Evidence from best practice confirms this, indicating that not only do these activities break the closed system but also the introduction of such agents may have local toxic effects and contribute to the development of resistant micro-organisms (Kunin, 1997). However, continuous or intermittent bladder irrigation may be indicated during urological surgery or to manage catheter obstruction.

Good practice point
Avoid irrigations, instillations or washouts unless clinically indicated.

Hand hygiene

Although leaving the system alone is best practice, there are occasions when one has to access the system, for example to empty the urine drainage bag or to obtain a urine sample.

When these occasions arise, hands must be decontaminated and non-sterile gloves worn before the system is accessed (Pratt et al, 2007; WHO, 2006). In some instances, a plastic apron may also be required to prevent contamination of uniforms. Once the activity has been completed, gloves should be removed and disposed of correctly and hands decontaminated (Pratt et al, 2007; WHO, 2006).

Good practice point
Decontaminate hands and don non-sterile gloves before handling a urinary catheter system.

Education and training

Given the frequency of urinary catheterisation in hospital patients and the associated risk of urinary tract infection, it is important that patients, their relatives and healthcare workers responsible for catheter insertion and catheter management are educated about infection prevention.

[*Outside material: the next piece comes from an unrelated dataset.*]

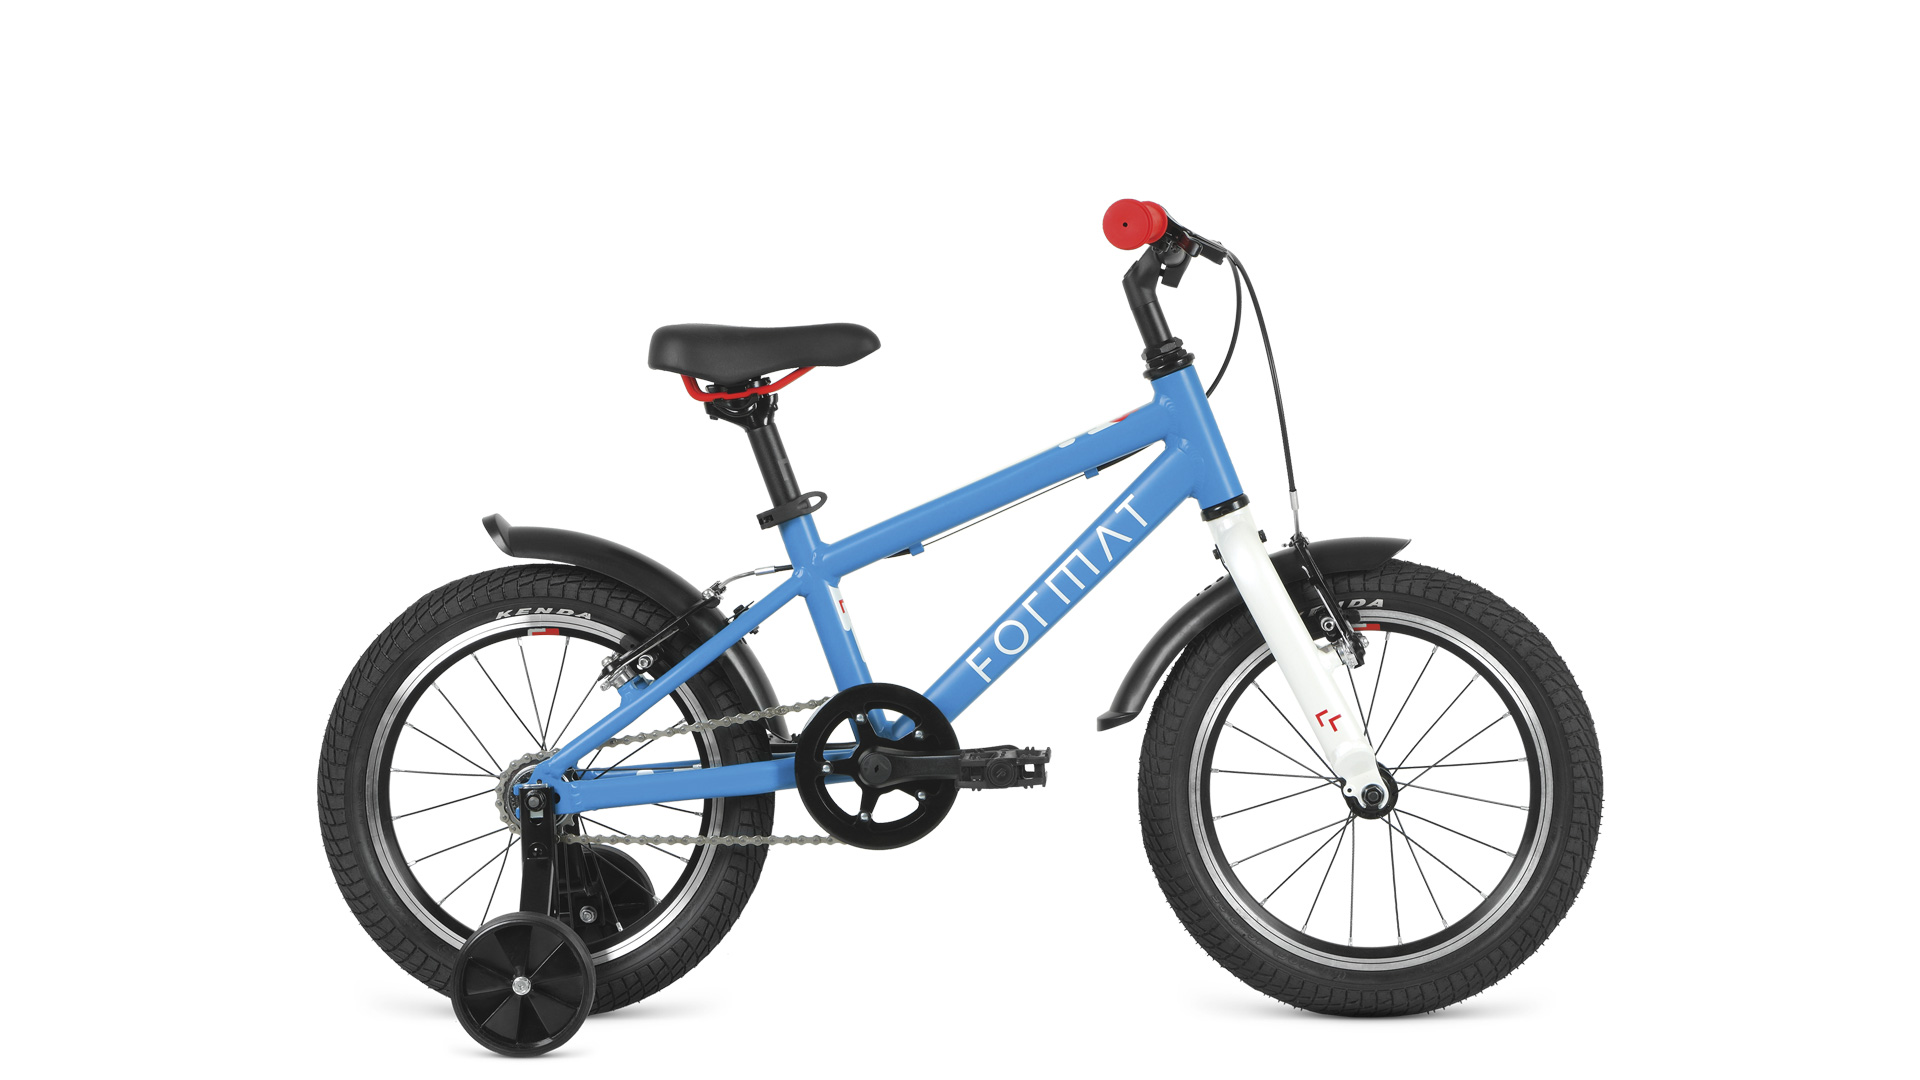 Детский велосипед Format Kids 16 синий матовый 2022 RBK22FM16526 женский велосипед format 7712 27 5 год 2022 голубой ростовка 15

Staff training on infection prevention and control is now mandated by the Health and Social Care Act 2008 which came into force on 1 April 2009 (DH, 2008). To enable trusts to meet this requirement, an e-learning module on preventing HCAI associated with the use of short term urinary catheters is available free of charge to all healthcare workers in England. This can be accessed by logging on to: www.infectioncontrol.nhs.uk (Pellowe, 2009).

Good practice point
Ensure that all staff are educated and trained in preventing CAUTI.

High impact intervention care bundles

Care bundles were devised by the Institute of Health Improvement and have been incorporated by the DH into the Saving Lives programme as high impact interventions (DH, 2007).

A care bundle is a set of practices which, when performed consistently, has been shown to improve patient outcomes.

High impact intervention number 6 is the urinary catheter care bundle and reflects the evidence in the national epic2 guidelines (Pratt et al, 2007). In addition to setting out the key elements of care, there is an audit tool that practitioners can use to assess their compliance.

Completion of the audit will demonstrate where weaknesses in practice need to be addressed and provides evidence of an organisation’s commitment to service improvement.

Good practice point
In all areas where short term catheters are used, practitioners should assess their practice using the Saving Lives care bundle.

Conclusion

CAUTI is an all too common HCAI that causes unnecessary distress to patients and delays their recovery. Attention to and compliance with these good practice points would reduce the risk of CAUTI and assure staff that they are demonstrating best practice in their care.